I have nurtured the secret belief that the reason that Letsencrypt renews certificates ("automatically") every three months is not a feature... but a forced limitation by the guys who own the root cert chain.
If I'm a startup, why should I shirk away from paying 9.99 for a RapidSSL certificate from namecheap and have it working reliably through Ansible/Puppet/Docker... and rather muck about with the chance that my server SSL cert may go down because my letsencrypt client was outdated or something.
Or worse, I have a wordpress site running on a PHP host - the best case scenario is that they agree to use a certificate I buy. Running a python based client ?
The LetsEncrypt root is in-house, not third party. Certificates are also cross-signed by IdenTrust, but once the LetsEncrypt root is in all major browsers, it won't be necessary to have a cross-signature.
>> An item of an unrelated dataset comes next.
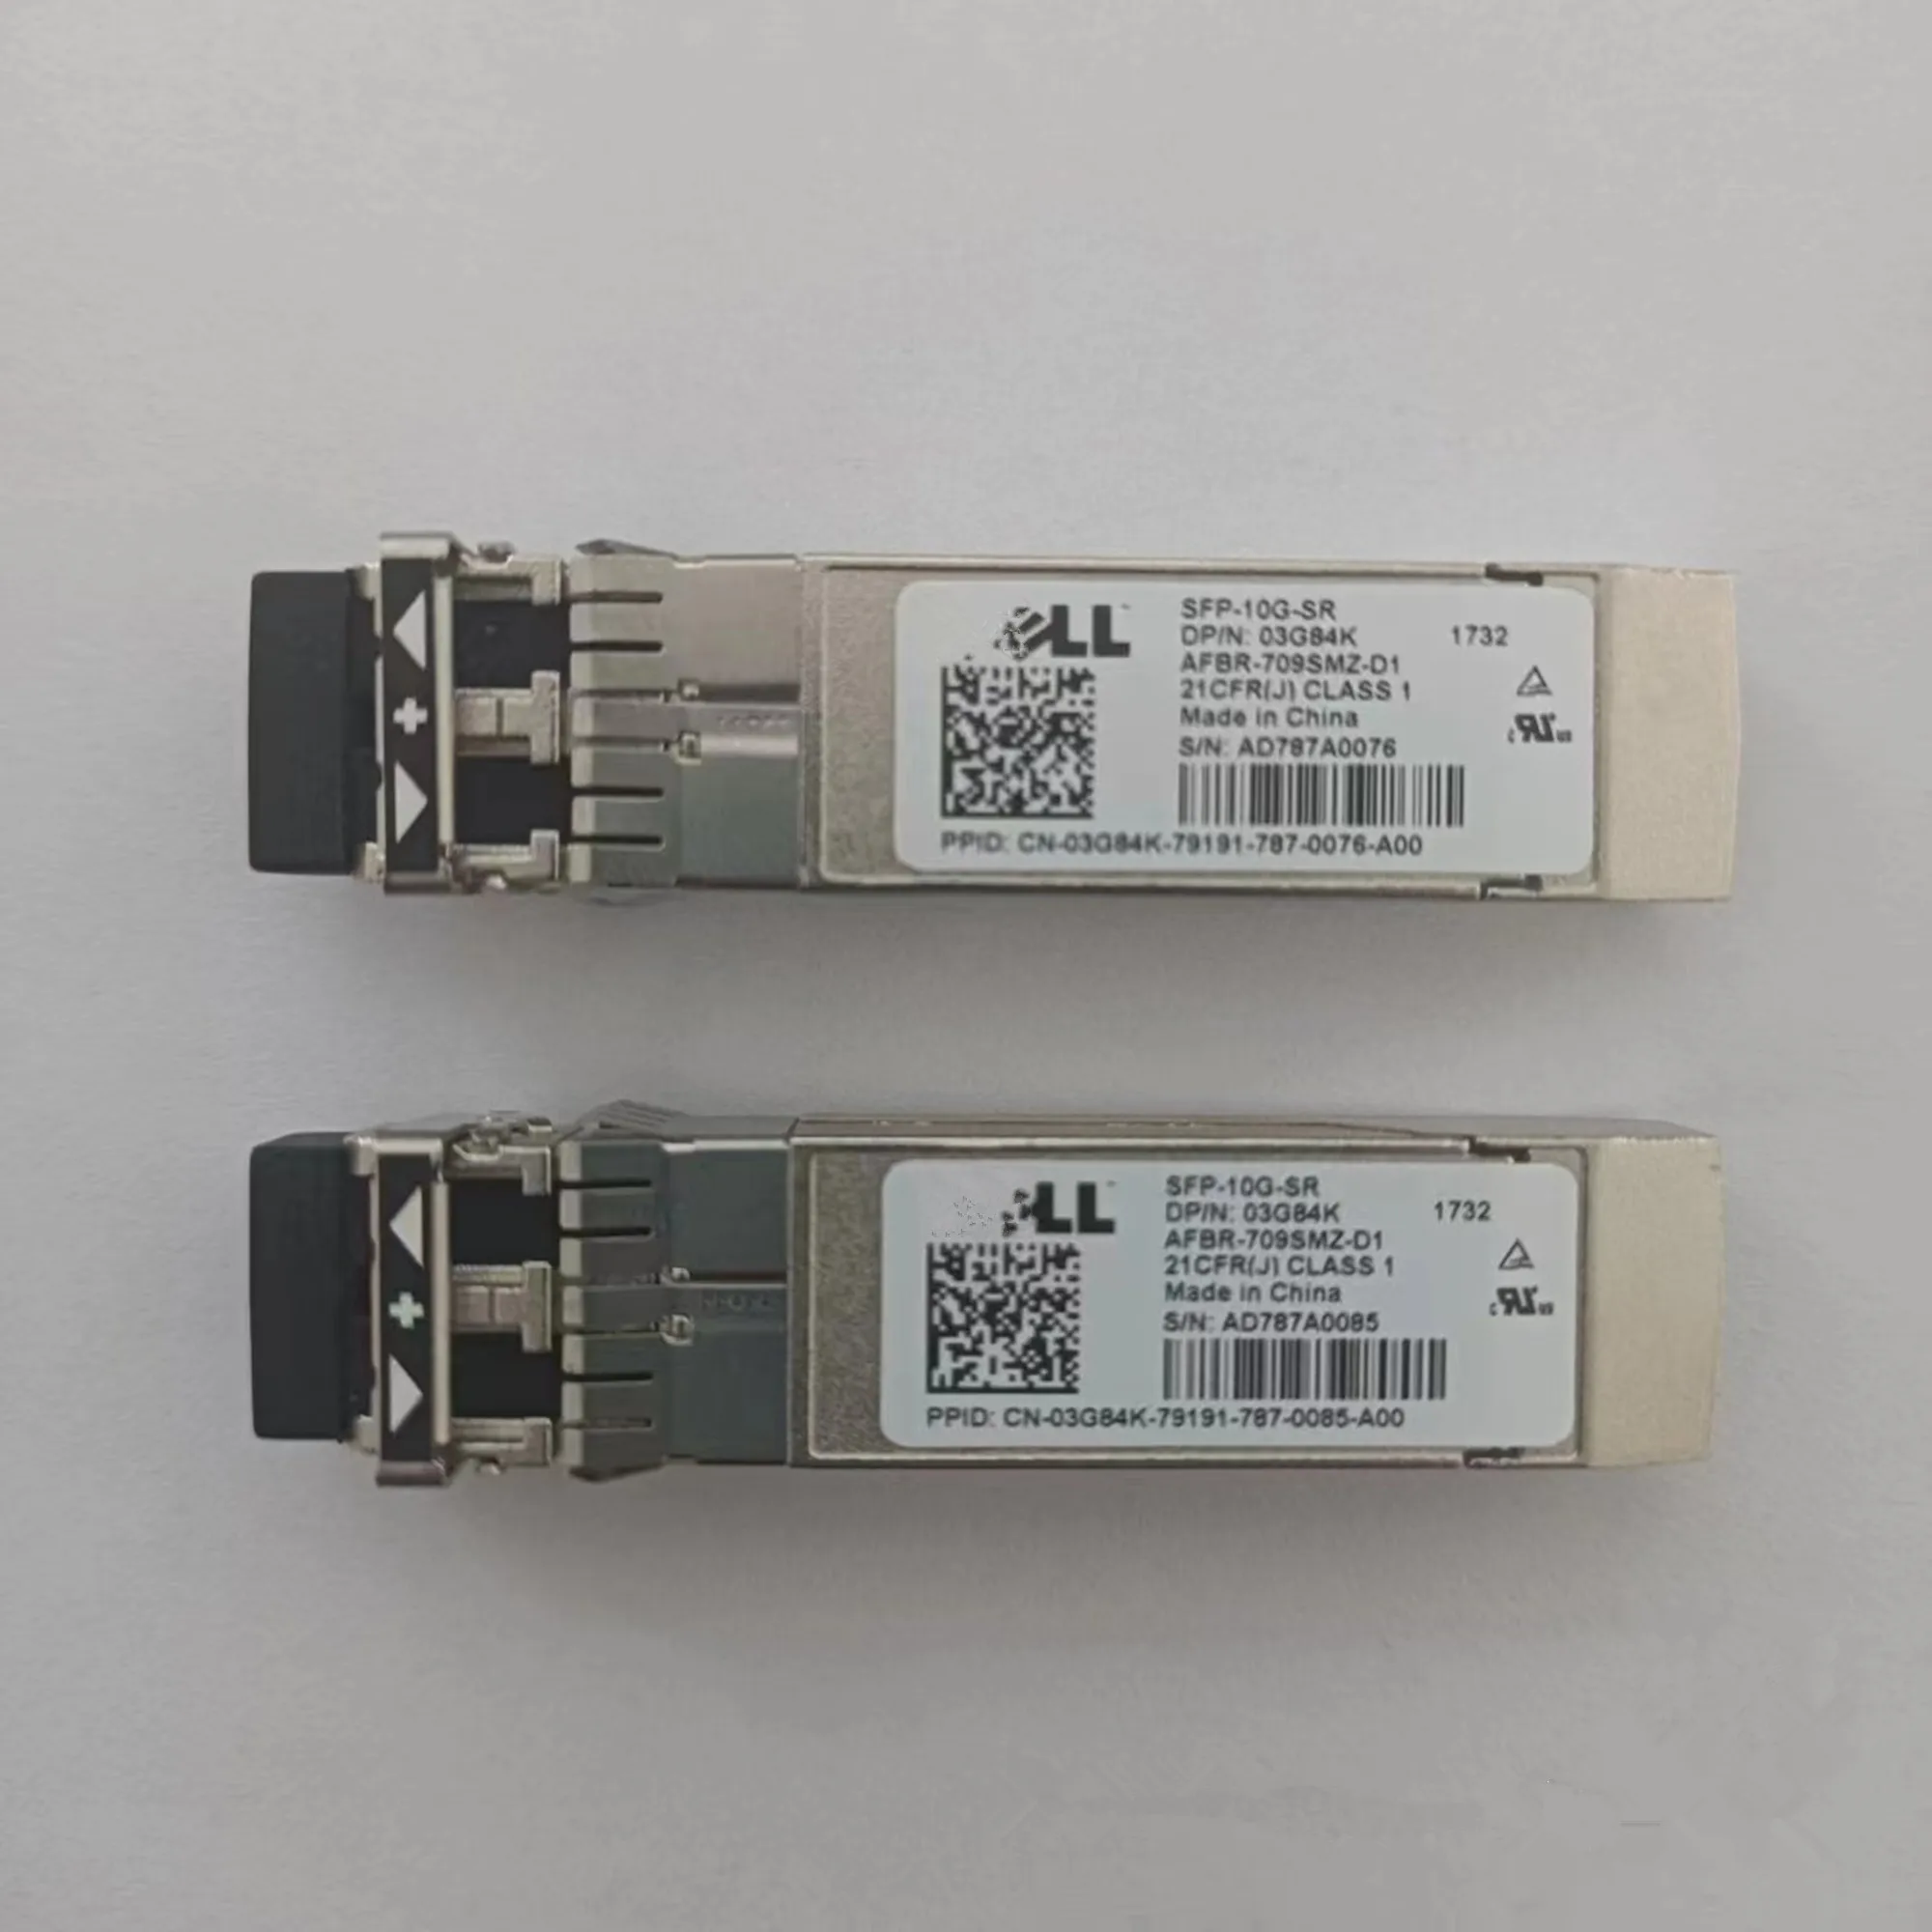 Del-I/AFBR-709SMZ-D1/03G84K/SFP-10G-SR/10Gbase-SR/850nm 300m 10g Transceiver/10g network adapter general switch reyee 10gbase sr sfp transceiver mm 850nm 300m lc

That's not to say that they don't have some other motive for the 90 day expiry, but I don't think they need the support of major CAs for what they're doing at the moment.
I meant the cross signing. That is the big deal here. And I somehow have this nagging feeling that they were strong armed into the 3 month renewal policy. No other reason to not have yearly renewals.
Even if they do get into Browser roots now, there are hundreds of millions of mobile devices out there that will not accept Letsencrypt without a cross sign. Lets face it Letsencrypt is dead in the water without Identrust (or someone similar).
As mentioned in the other threads, 3 month renewal provides a smaller risk window for compromised domains/certificates.
This is important, considering that certificate revocation is not a universally solved problem, and that Let's Encrypt is aiming to radically increase the amount of certificate issues as a whole.
No strongarming necessary, I'm pretty sure technical considerations ruled the day here.
ACMs roots are cross-signed by Starfield (GoDaddy iirc), while they wait for their inclusion in the browser roots... so I can't see a difference with LetsEncrypt? AFAIK either you have the processes/tech in place to secure your CA and issue certificates, or you don't.
https://mozillacaprogram.secure.force.com/CA/PendingCACertif... shows Mozilla's in-progress certifications -- including LetsEncrypt, Amazon, DocuSign, VISA, a bunch of governments, telcos, existing CAs, and others I don't recognise. Cross-signing is a pragmatic solution for older client devices (eg. abandonware Android phones) for _any_ CA root, new or otherwise.
If I'm a startup, why should I shirk away from paying 9.99 for a RapidSSL certificate from namecheap and have it working reliably through Ansible/Puppet/Docker... and rather muck about with the chance that my server SSL cert may go down because my letsencrypt client was outdated or something.
Or worse, I have a wordpress site running on a PHP host - the best case scenario is that they agree to use a certificate I buy. Running a python based client ?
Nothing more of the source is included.